4.4. Antibody representation learning
Another general class of antibody language models attempt to implicitly learn metrics relevant in therapeutic development. AntiBERTy [15] is a BERT-based model trained on 558M antibody sequences, utilized for clustering antibodies into trajectories resembling affinity maturation and subsequently incorporated as a crucial component in IgFold [14]**. AntiBERTa [40] and AbLang [39] use the RoBERTa architecture, which trains on longer sequences of text than the original BERT model [43]. AntiBERTa is trained on 57M B-cell receptor (BCR) sequences (42M heavy, 15M light) that can trace the B cell origin of the antibody, quantify immunogenicity, and predict the antibody’s binding site [40]. AbLang is also a suite of two models for each chain and can restore the missing residues of antibody sequences more accurately and seven times faster than ESM-1b [39]. AbSci demonstrated antibody design with desirable therapeutic properties with a RoBERTa model trained on four datasets from OAS and fine-tuned with in-house affinity data [44]. They also introduced a “naturalness” metric that scores antibody variants for similarity to natural immunoglobulins based on pseudo-perplexity of CDRs in antibody heavy chains [45]. As an improvement to RoBERTa, DeBERTa incorporates disentangled attention, an enhanced mask decoder, and virtual adversarial training [46]. PARA is a DeBERTa model trained on only 18M human BCR sequences, yet outperforms AntiBERTy and AbLang on CDR H3 residue recovery [41]. Whether antibody representations are richer from antibody-specific or general encoder models is task-dependent: Previous work demonstrated that a BERT model trained on general sequences from Pfam [47] outperformed an antibody-specific BERT model in the antibody affinity binding prediction task [48], but similar work found that Ab-LMs were better in paratope prediction [49].
4.5. Fixed backbone sequence design
In drug discovery, pharmacologists collect multiple initial antibodies either from humanized mice or patients.
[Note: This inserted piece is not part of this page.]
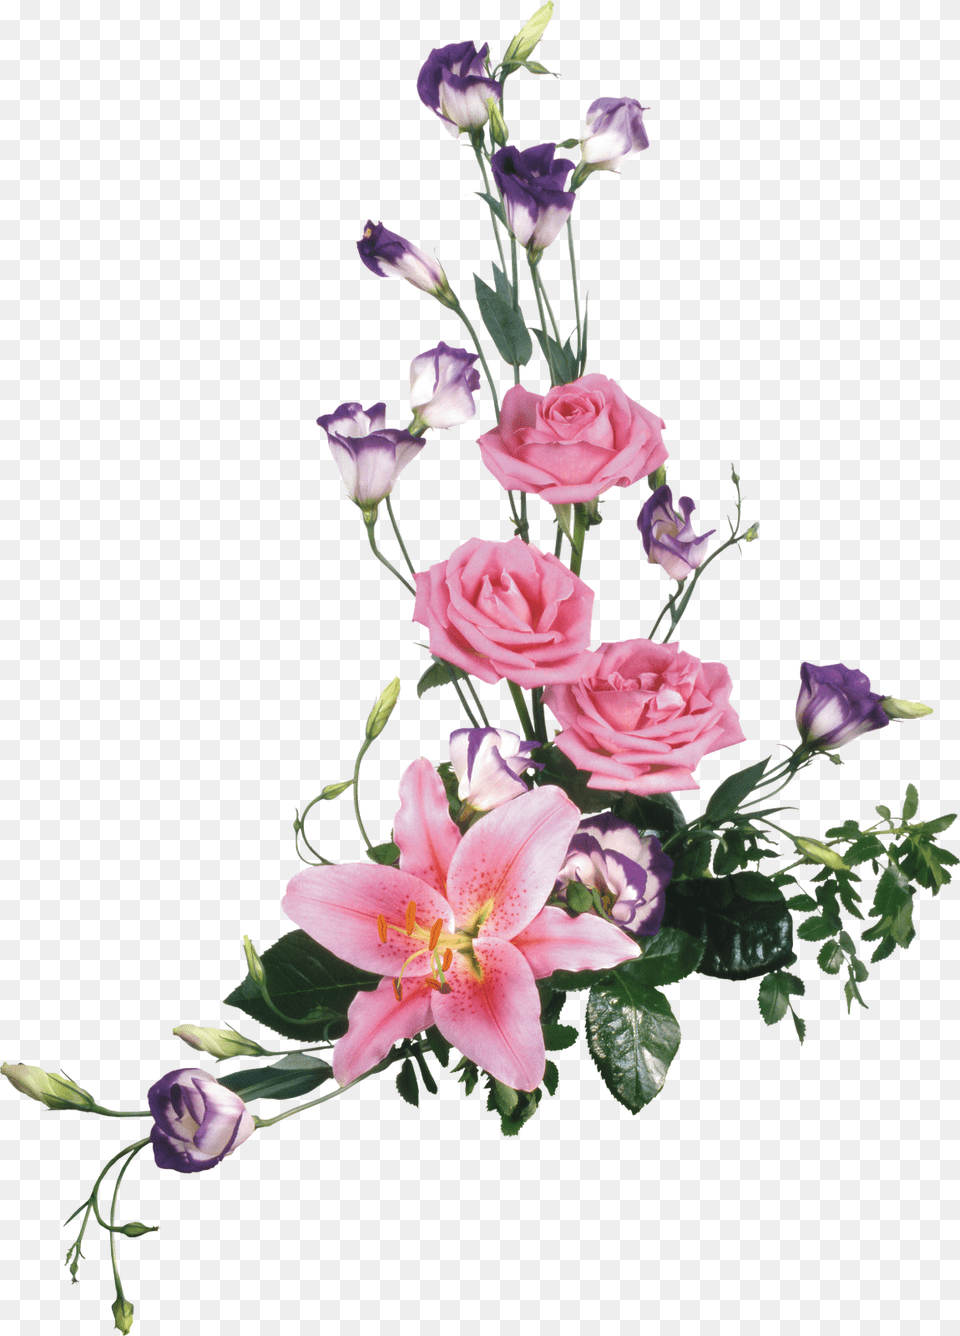 Ramos De Flores, Flower, Flower Arrangement, Flower Bouquet, Plant Free Png Download

Optimizing these antibodies for binding a particular antigen can be formulated as a fixed backbone design problem, where we constrain sampling to the antibody sequence given its backbone structure. The general architecture for fixed backbone design incorporates an encoder to represent geometric components of the protein as a rich set of features, which are then passed to a decoder for filling the backbone with suitable amino acids. Ingraham et al. [50] and proteinMPNN [51] use a graph-based, autoregressive model with message passing neural networks (MPNNs) [52] to capture higher-order dependencies between sequence and structure. Anand et al. use a 3D convolutional network that conditions on local backbone structure to learn residue-level patterns [53]. ESM-IF is a structure-to-sequence transformer tasked to recover the native sequence of the protein from the given backbone with invariant geometric input processing layers [54]. FvHallucinator is a sequence design model conditioned on structure that uses a hallucination framework for generating antibody Fv libraries [55]. The hallucination framework inverts DeepAb to find sequences matching a target structure. One application of fixed backbone design in biotechnology is to use a known antigen-bound mAb structure as a template to find diverse alternative binding sequences.
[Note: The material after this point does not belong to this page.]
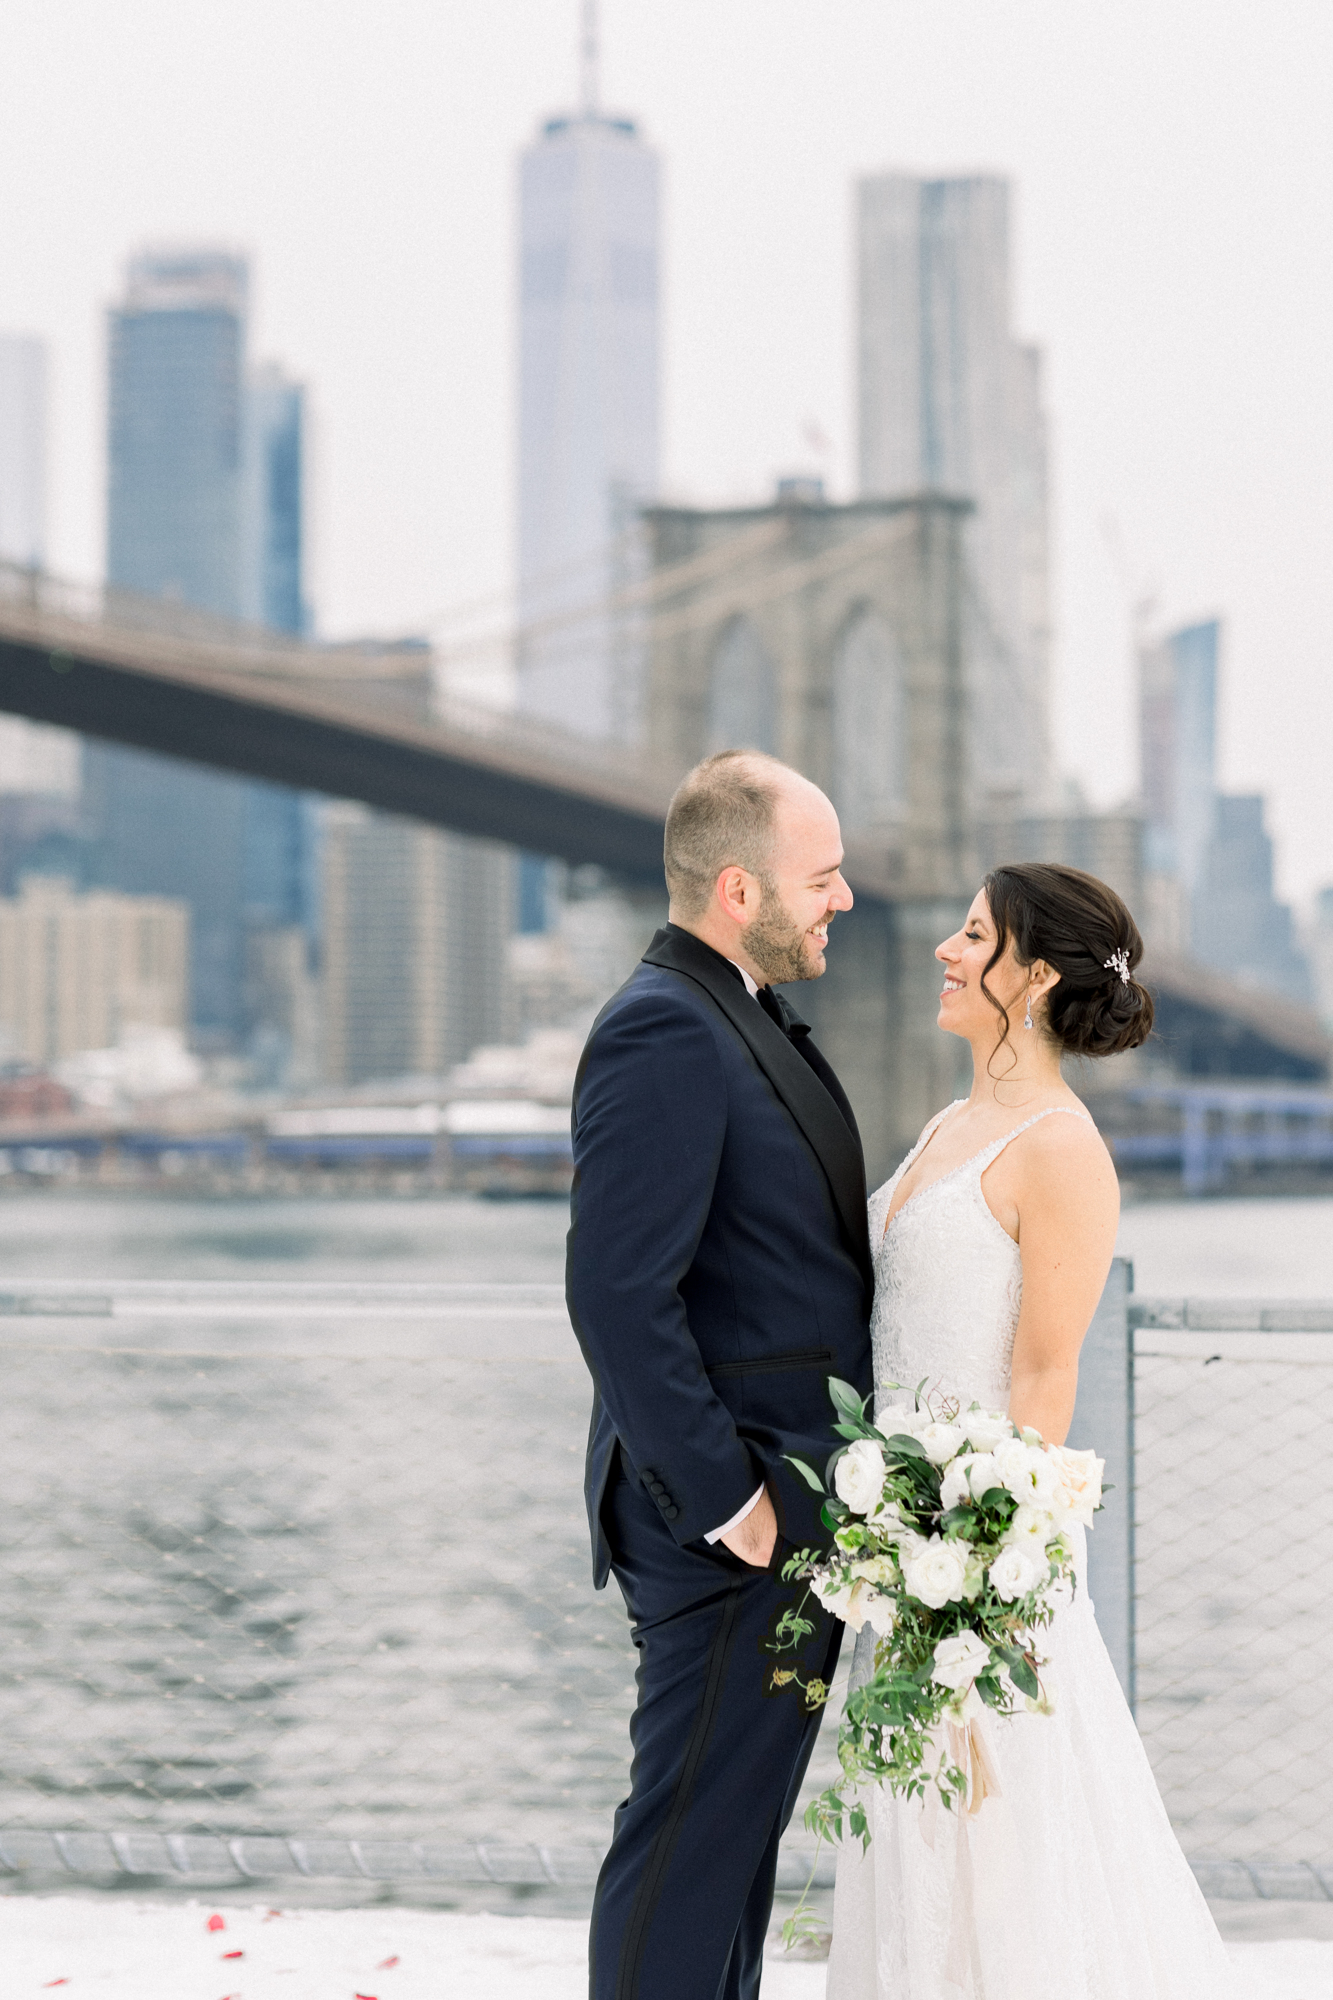 Dumbo wedding photos in Brooklyn

5. Antibody sequence and structure co-design
5.1. Iterative co-design methods alternate between designing sequence and structure
Unsupervised learning undoubtedly has provided major advances in antibody design and general protein design, given the lack of both crystal structures and sequences with reliable therapeutic fitness metrics. However, if the input is unannotated data of antibody sequences, the model must learn both structural syntactic rules and semantic mapping rules to perform antibody engineering predictions. Alternatively, if the input is already encoded for the structural interaction between CDRs, surrounding residues, and the antigen, the model only needs to learn the semantic mapping rules, which might be more interpretable for antibody design. Zaixiang et al. found that implanting a structural adapter into a protein LM endows it with improved sequence recovery [56]. Even for reinforcement learning algorithms like Q-learning which perform poorly in combinatorial optimization problems like antibody design, incorporating structural priors improves sequence sampling with higher binding energy for eight diverse target pathogens [57]. Antibody design models therefore should receive structural information as input, and recent design approaches usher the opportunity for co-designing antibody sequence and structure.
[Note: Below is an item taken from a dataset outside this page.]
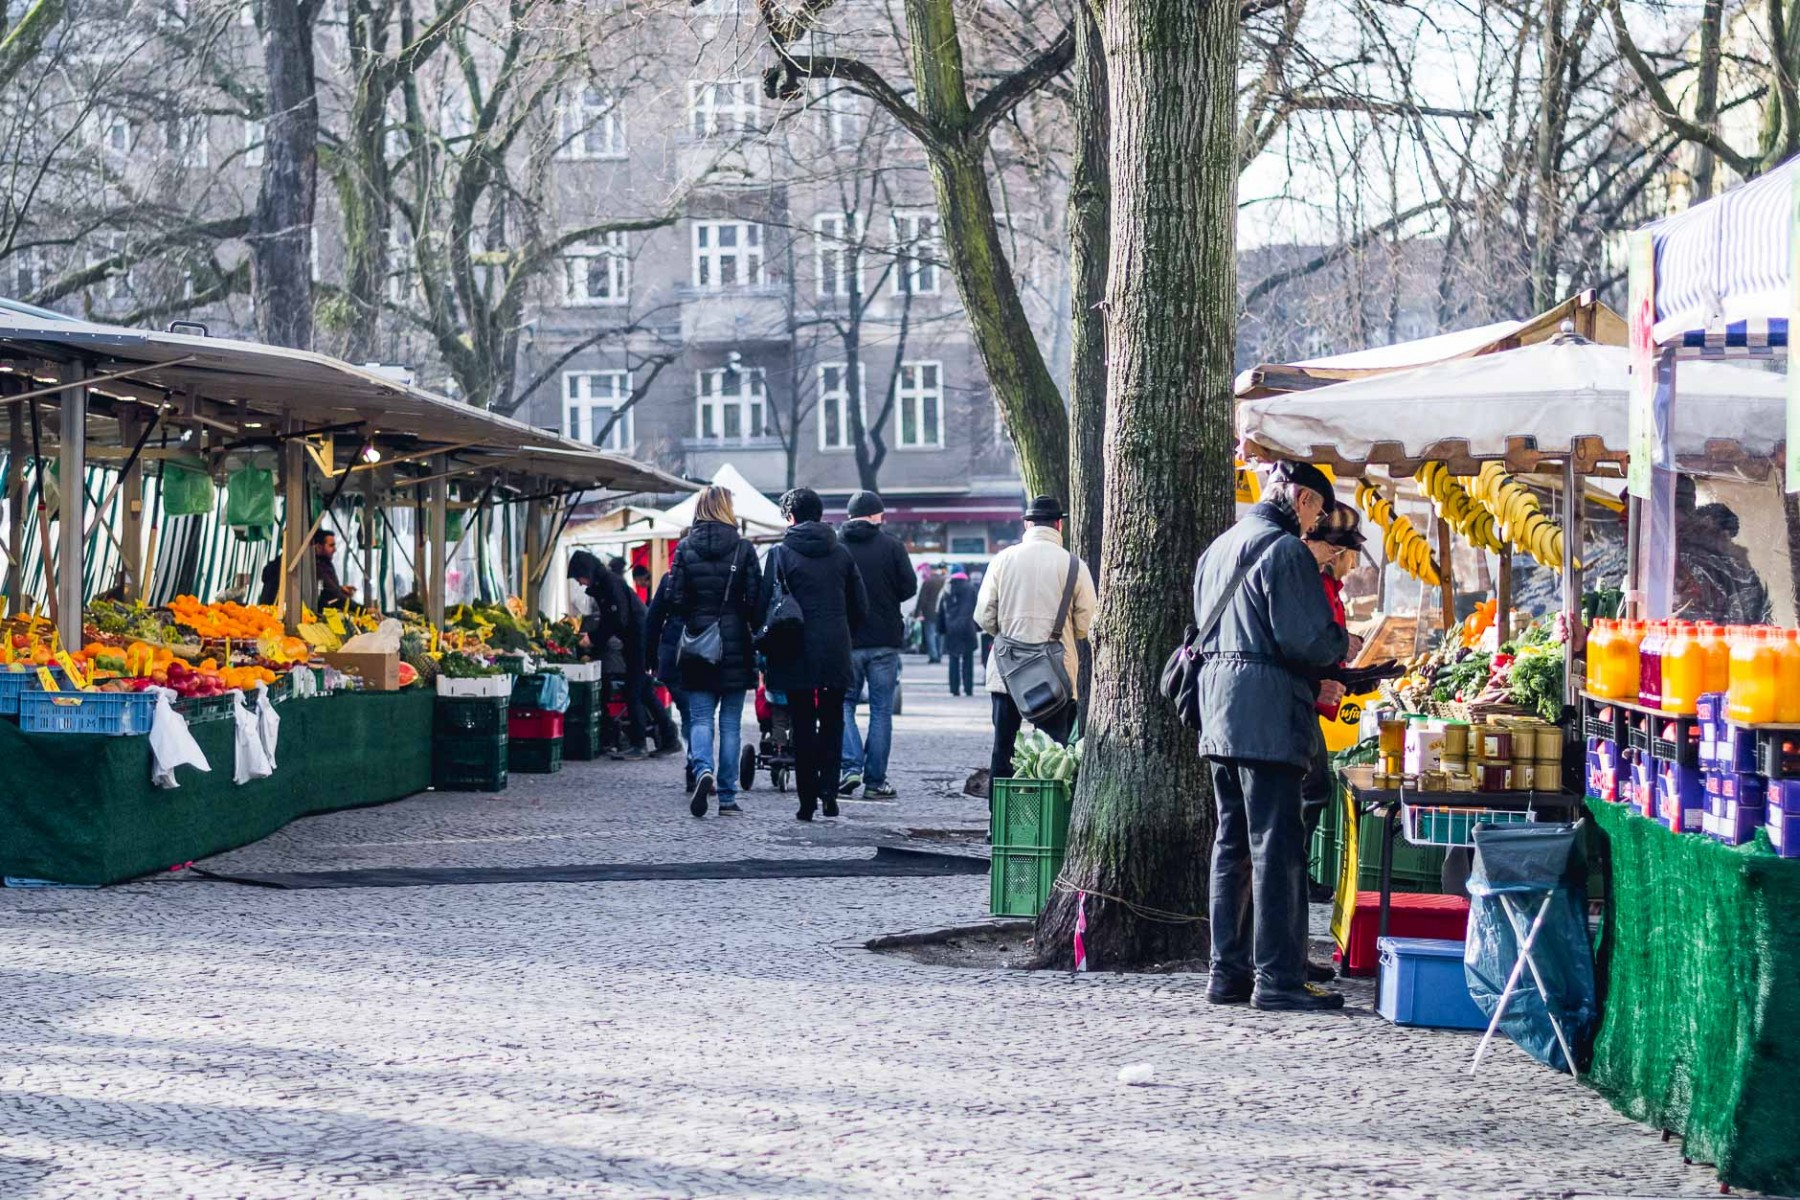 Farmers' market in Berlin, Germany

One of the first demonstrations of antibody CDR co-design is RefineGNN [58]**, a model that generates an antibody graph via an iterative refinement process while unraveling the sequence autoregressively. Although RefineGNN does not explicitly learn information about the antigen, the next iteration, AbDockGen [59], does. AbDockGen uses a hierarchical equivariant refinement network (HERN) for paratope docking and design by predicting the atomic forces and using them to refine an antibody-antigen complex in an iterative, equivariant fashion. Where both RefineGNN and AbDockGen suffer is the incurred computing cost and memory overhead due to unraveling the CDR sequence in an autoregressive fashion. To overcome this issue, Yang et al. developed a multi-channel equivariant attention network (MEAN) to co-design CDRs over three iterations, which is significantly less than RefineGNN which iterates over every residue in the CDR region [60]. Although requiring significantly less iterations than HERN, MEAN still operates autoregressively, which can be costly and propagate errors. Tie-Yan et al. offers a AbBERT model combined with GNN for one-shot, antigen-specific antibody co-design [61].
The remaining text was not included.